Here’s the story: I teach reading to adults in Watts. Two years ago, I was “volunteered” to sing at the Black History Month potluck for faculty and staff. As I occasionally brought my guitar to sing for students, the committee thought I might be game. Oh, and by the way, could I include this spiritual (which I knew) and that 1960s song (which I didn’t). Honored but somewhat daunted by the prospect of being a Jewish white girl helping to represent African-American history, I took a deep breath and said said….”Sure!” And went home to learn the songs.
As I played and pondered, I resisted the fact that sorrow seemed to be the primary note in the selection. I felt the urge to tell a broader story — and one that included women. Then I remembered a song by singer/songwriter Amy Dixon-Kolar, which had gone viral during the 2008 elections. In a moment of “Match, meet Imagination,” I cobbled together bits of five different songs into a six-minute mashup. I practiced like crazy and, on the day of the event, I gave myself dress rehearsals by singing for my students – both classes – and wandering into any other classroom that would have me. That was fun. Good to go.
However, when I arrived at our event center, I realized that I was walking into more than a little lunch. The room had been turned into a mini-museum. Staff members had brought in family and historical memorabilia, beautifully displayed around the perimeter. The program featured special guests like Clarence Huntley, one of the original Red Tail Tuskegee Airmen, James Marshall, director of the Museum of Slavery to Emancipation, and…well…me. When I got up to sing, I could not have anticipated the response.
With Black History celebrations carrying us through this month, a student asked if I would bring my guitar again. “I’m not on the program this year,” I told her. “I meant to sing for us,” she said.

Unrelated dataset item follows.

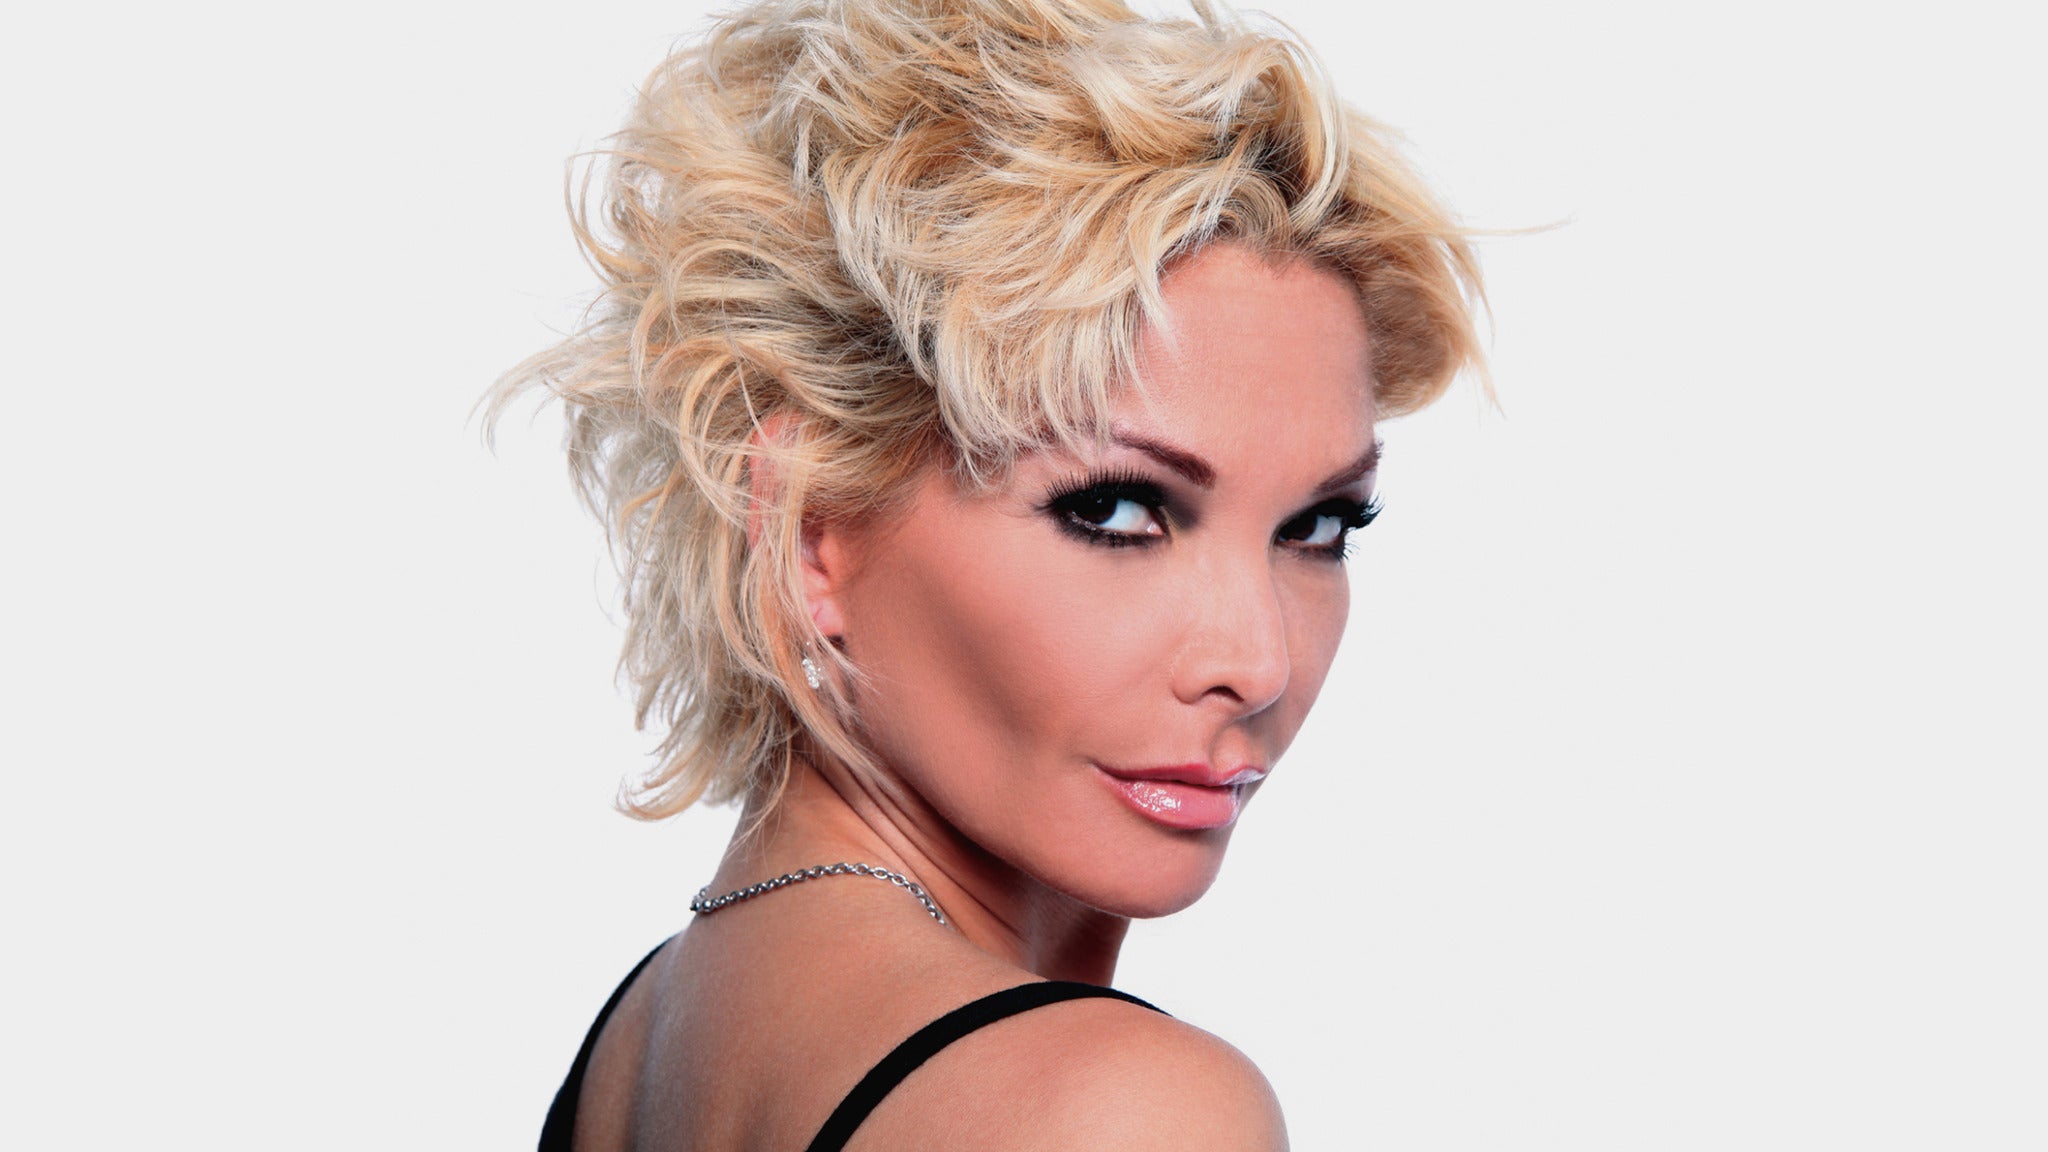 Marisela with special guest Americo in New York promo photo for Local presale offer code

I promised I would. But I also thought it was time to move past my shyness and share the video of that first performance. It is not a great recording, but perhaps friends and former students will enjoy it.
Oh, and I just got drafted to sing it again…this time for the whole student body! Wish me luck!
Songs sampled in the mash up:
I’ll Fly Away is a gospel hymn written by Alfred E. Brumley
Swing Low, Sweet Chariot is an old spiritual.
Abraham, Martin and John was written by Dick Holler and first recorded by Dion
We Shall Overcome is an old protest song adopted by the Civil Rights Movement
Rosa Sat by Amy Dixon-Kolar You must hear Amy sing the whole thing. Gorgeous!